# Linear Discriminant Analysis: A step by step Guide

Linear Discriminant Analysis, we often utilize logistic regression when we have a collection of predictor factors and want to categorize a response variable into one of two classes.

In the following circumstance, we may utilize logistic regression.

We want to use a customer’s credit score and bank balance to predict whether they would eligible on a loan. (Select “Yes” or “No” as the response variable.)

Convolutional Neural Networks » finnstats

## Linear Discriminant Analysis

When there are more than two distinct classes for a response variable, however, we usually choose to employ a method called linear discriminant analysis, or LDA.

Market Basket Analysis in Data Mining » What Goes WIth What » finnstats

For instance, in the following circumstance, we may use LDA

We want to use points per game to forecast if a high school cricket player will be accepted into one of three divisions, like Division 1, Division 2, or Division 3.

Although both LDA and logistic regression models are used for classification, it turns out that LDA is significantly more stable than logistic regression when making predictions for several classes, and is hence the preferable approach to utilize when the response variable has more than two classes.

When compared to logistic regression, LDA performs better when sample sizes are small, making it a favored method to utilize when big samples are unavailable.

Binomial Distribution in R-Quick Guide » finnstats

### How to Construct LDA Models

(1) Each predictor variable’s values are uniformly distributed. That is, a histogram depicting the distribution of values for a given predictor would roughly have a “bell shape.”

(2) The variance of each predictor variable is the same. Because this virtually never happens in real-world data, we scale each variable to have the same mean and variance before building an LDA model.
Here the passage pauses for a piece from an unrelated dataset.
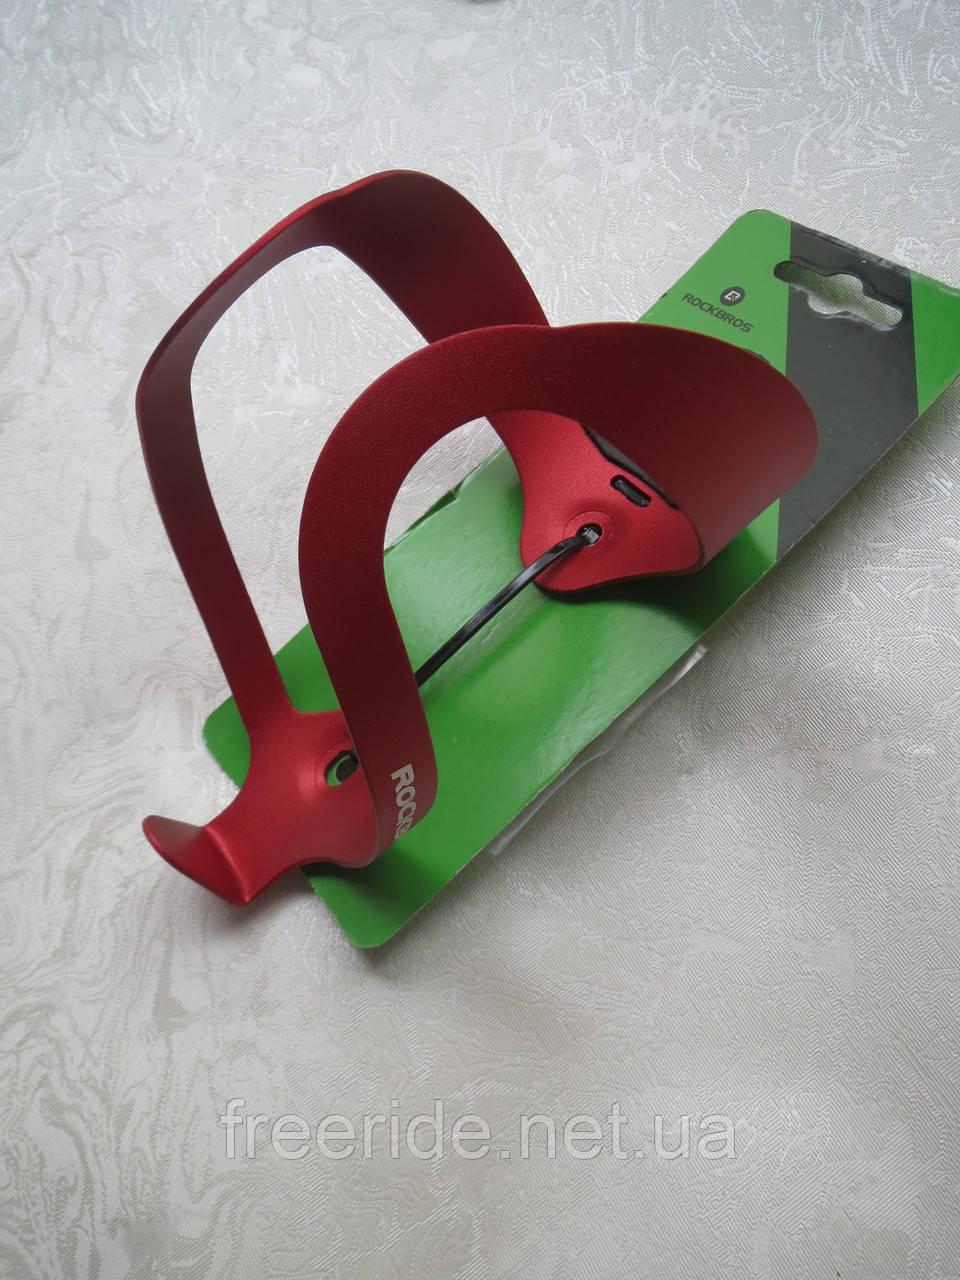 Флягодержатель Rockbros (красный) подфляжник алюминиевый
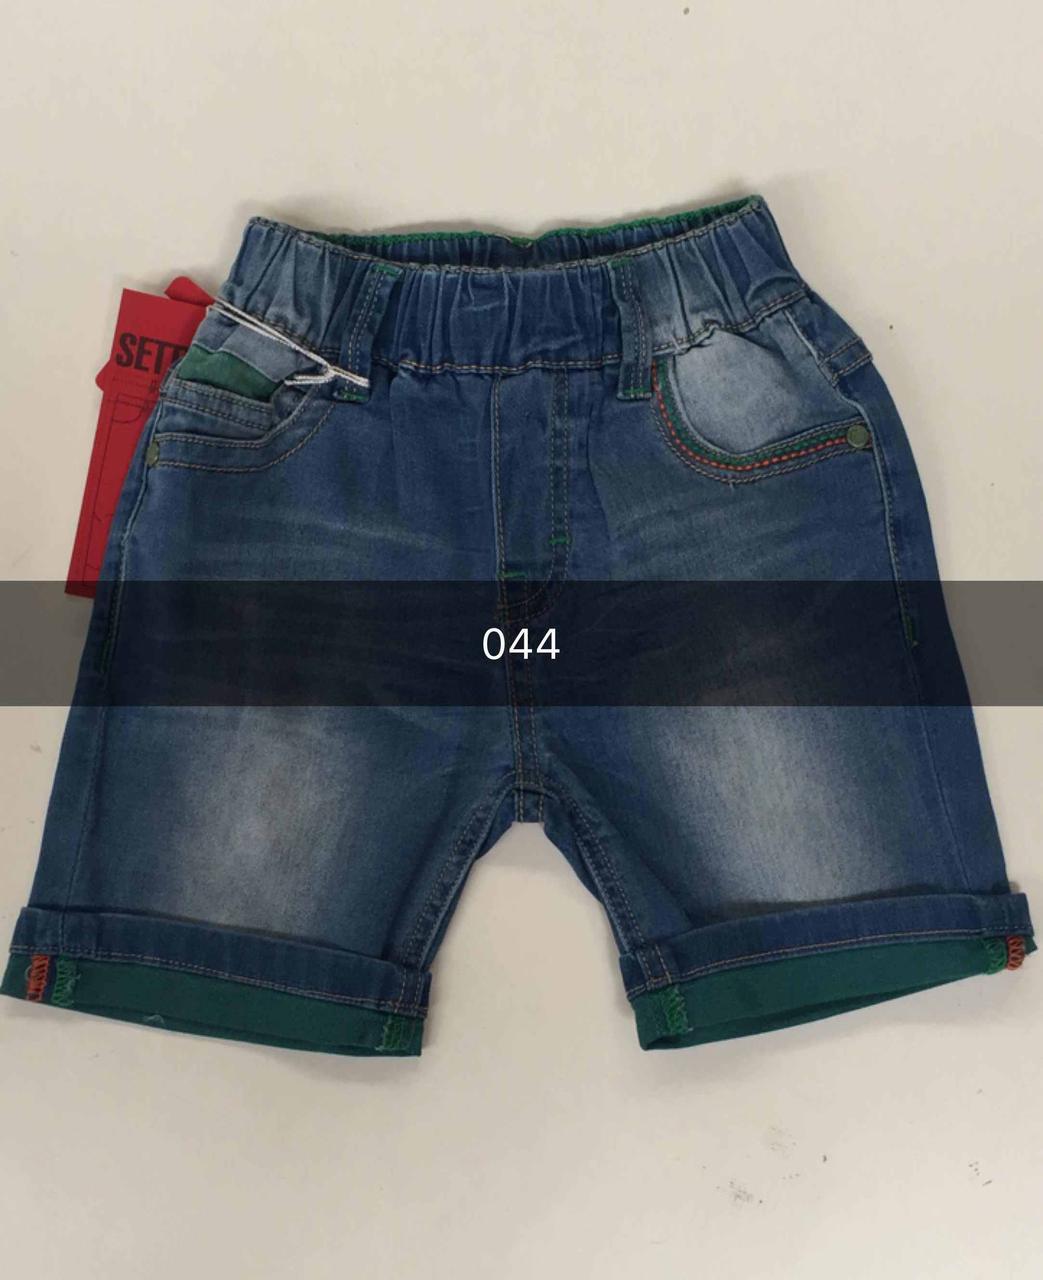 Джинсовые шорты для мальчиков Setty Koop 1-5 лет

How to Calculate Phi Coefficient in R » Association » finnstats

LDA then estimates the following values once these assumptions are met:

μk: The average of all kth-class training observations.

σ2: For each of the k classes, the weighted average of the sample variances.

πk: The proportion of the training observations that belong to the kth class.

LDA then plugs these numbers into the formula below, assigning each observation X = x to the class with the highest value produced by the formula:

`Dk(x) = x * (k/2) – (k2/22) + log(k) Dk(x) = x * (k/2) – (k2/22)`

The name LDA comes from the fact that the value produced by the function above is the result of linear functions of x.

Types of Data Visualization Charts » Advantages» finnstats

#### How to Get Data Ready for LDA

Before using an LDA model on your data, make sure it fits the following criteria:

1. There is a categorical response variable. LDA models are intended for use in classification problems, in which the response variable can be classified into groups or categories.

2. The predictor variables are distributed normally. First, make sure that each predictor variable has a normal distribution. If this is not the case, you may want to alter the data first to normalize the distribution.

3. The variance of each predictor variable is the same. LDA presupposes that each predictor variable has the same variance, as previously stated.

Because this is uncommon in practice, it’s a good idea to scale each variable in the dataset to have a mean of 0 and a standard deviation of 1.

What Data Science Is and What You Can Do With It » finnstats

4. Take into account severe outliers. Before using LDA, make sure the dataset is free of extreme outliers. Using boxplots or scatterplots, you can usually visually check for outliers.